Records for the task:

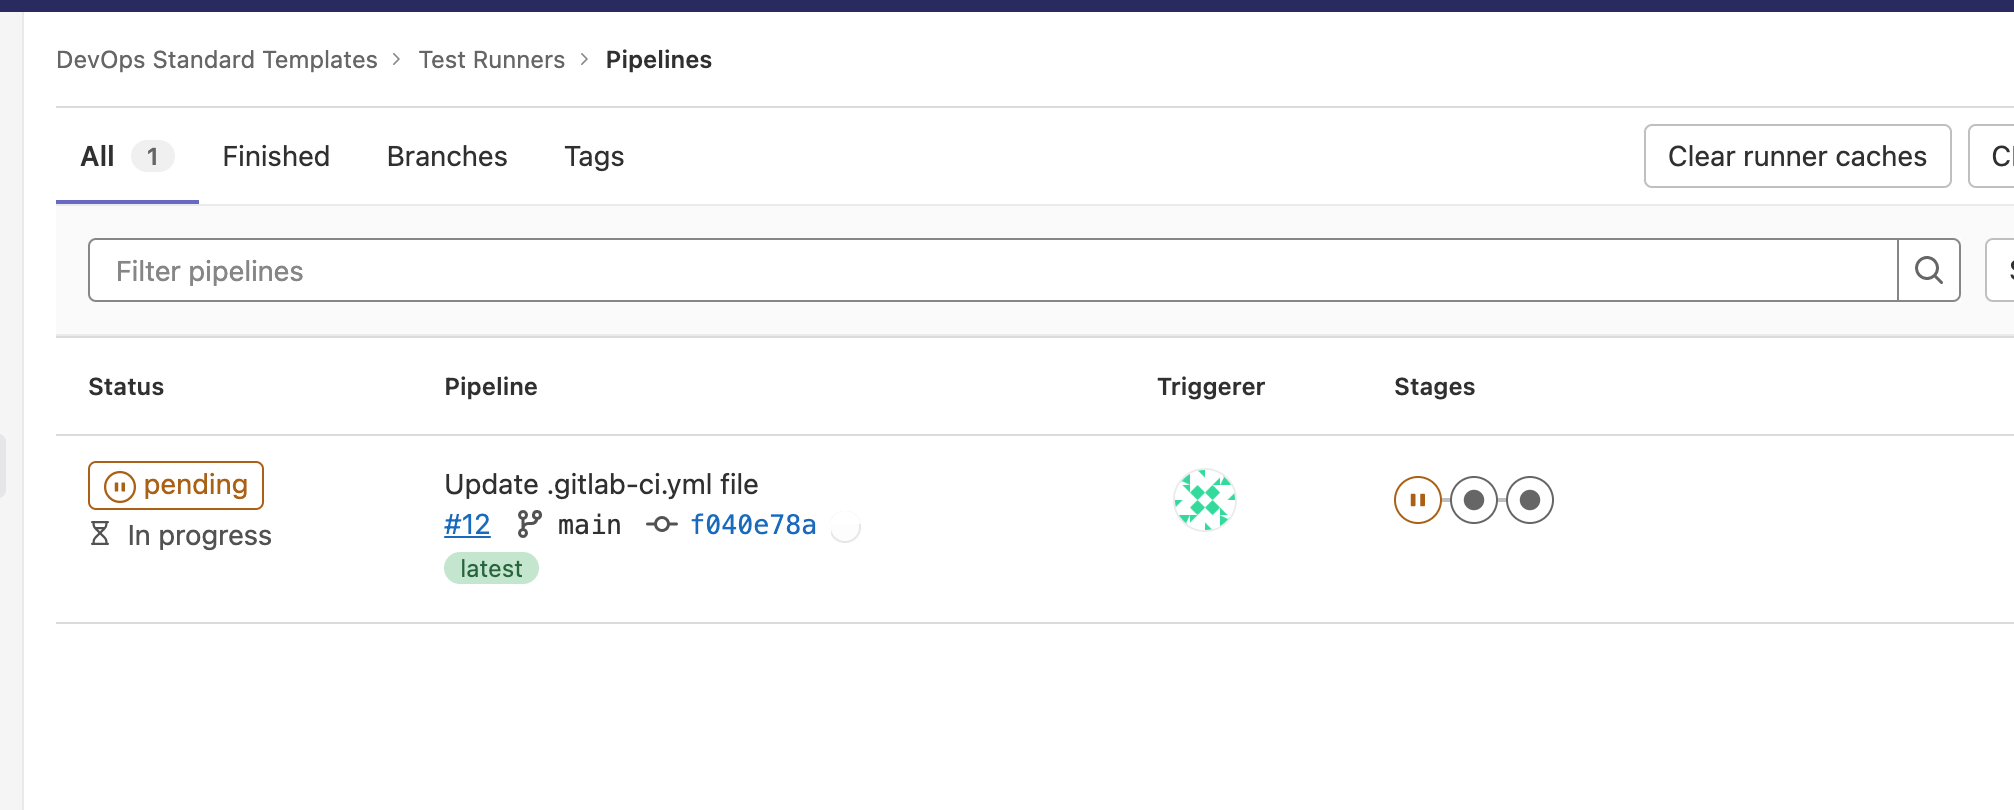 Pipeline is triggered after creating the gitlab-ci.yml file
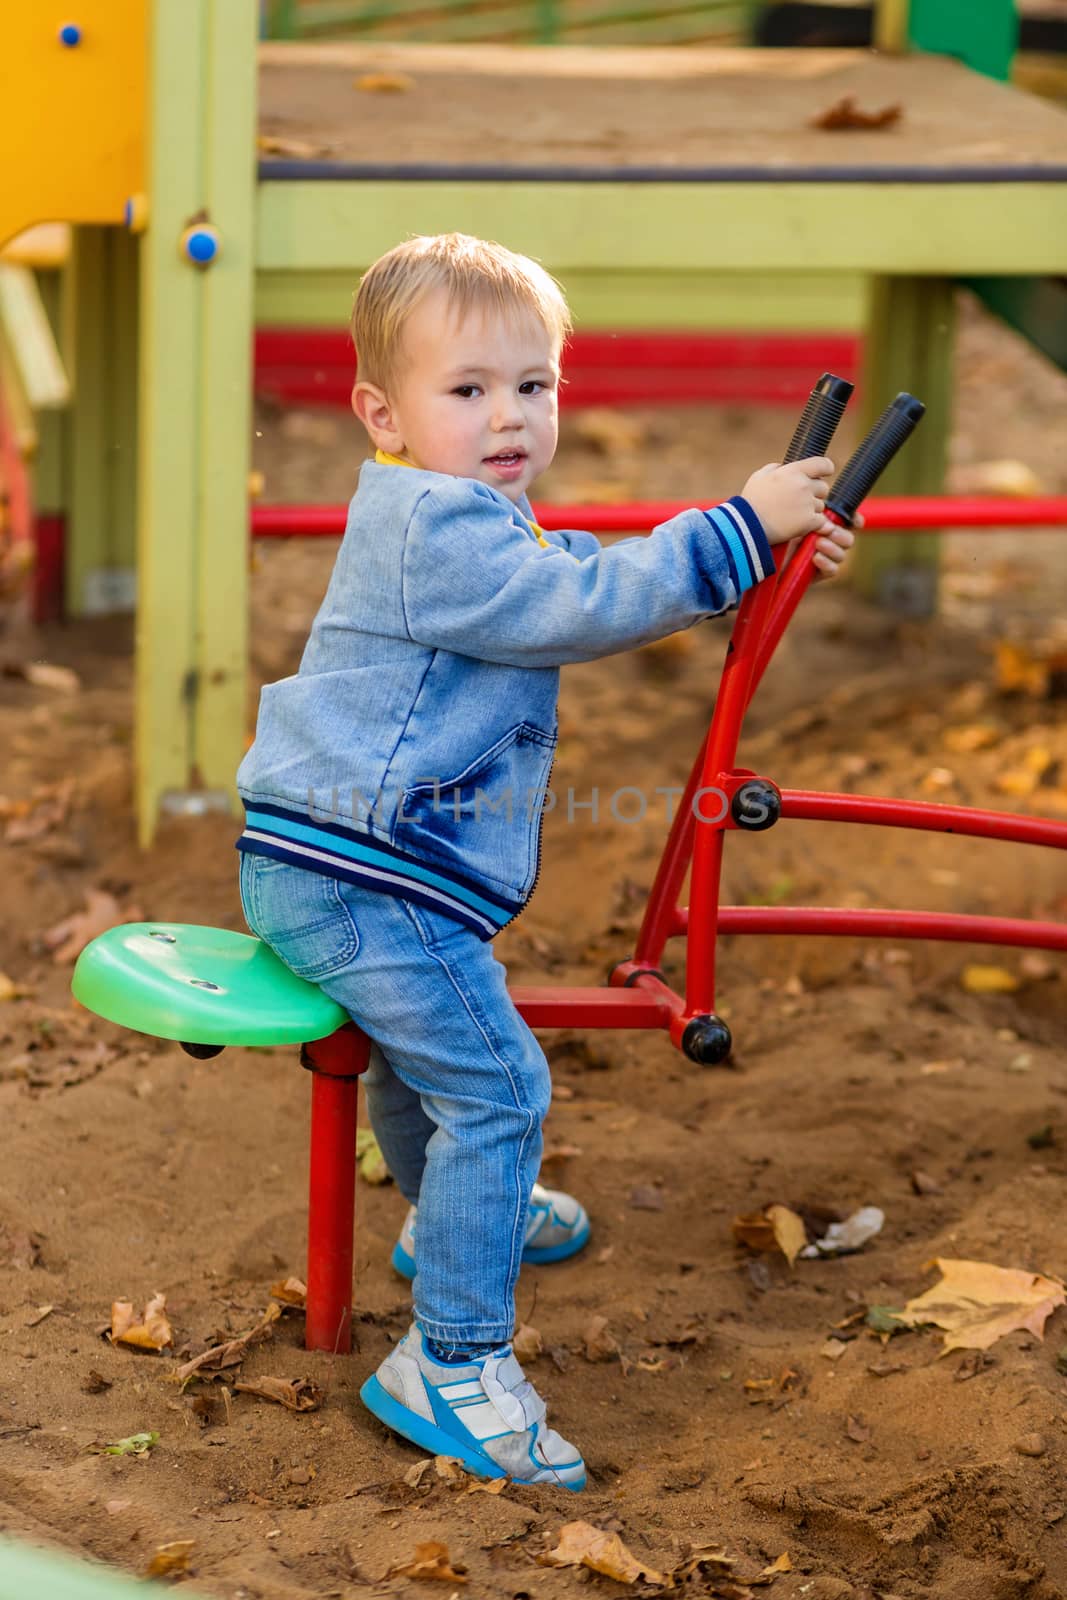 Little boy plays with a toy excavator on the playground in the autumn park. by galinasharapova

* * *

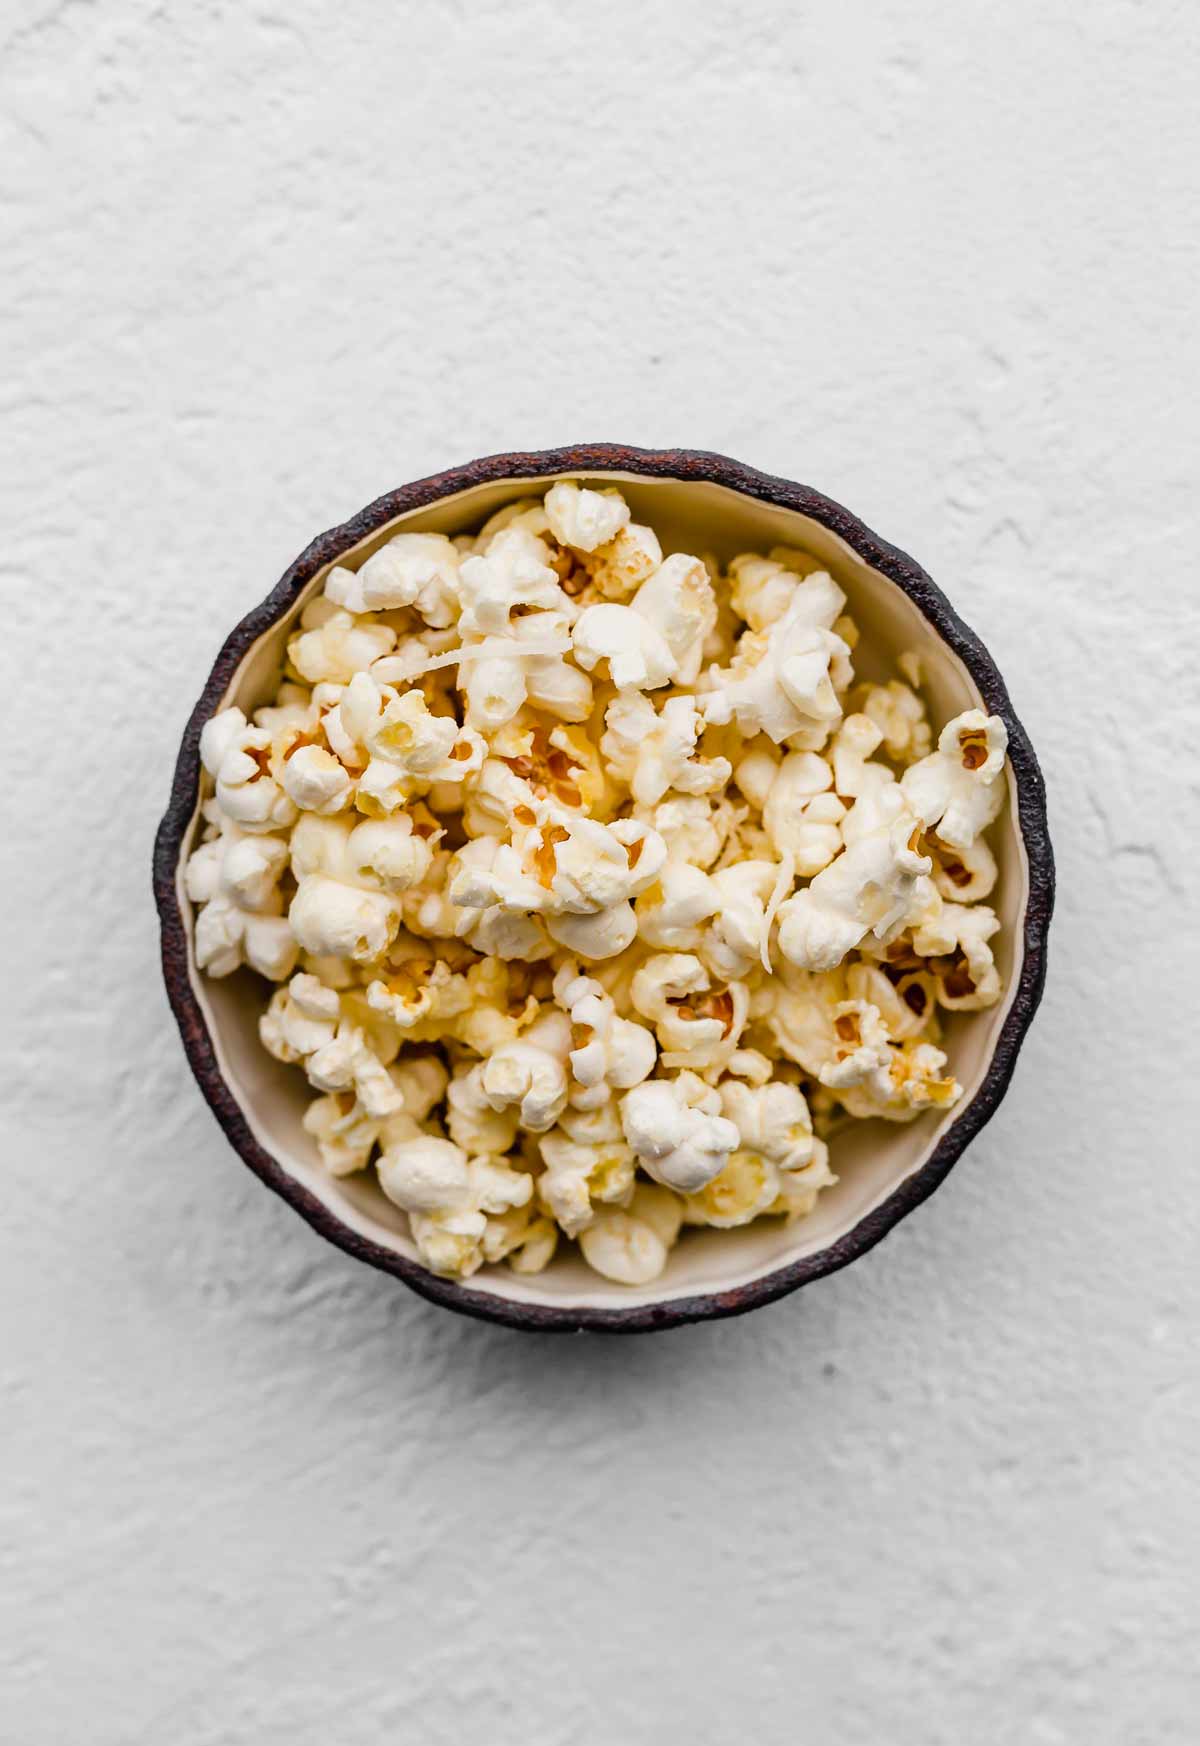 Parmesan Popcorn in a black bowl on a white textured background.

Assignment: Text only, no pictures: please print exactly the lines above from the line with "Pipeline is triggered" up to and including the line with "Little boy plays", and nothing else.

The answer:
 Pipeline is triggered after creating the gitlab-ci.yml file
 Little boy plays with a toy excavator on the playground in the autumn park. by galinasharapova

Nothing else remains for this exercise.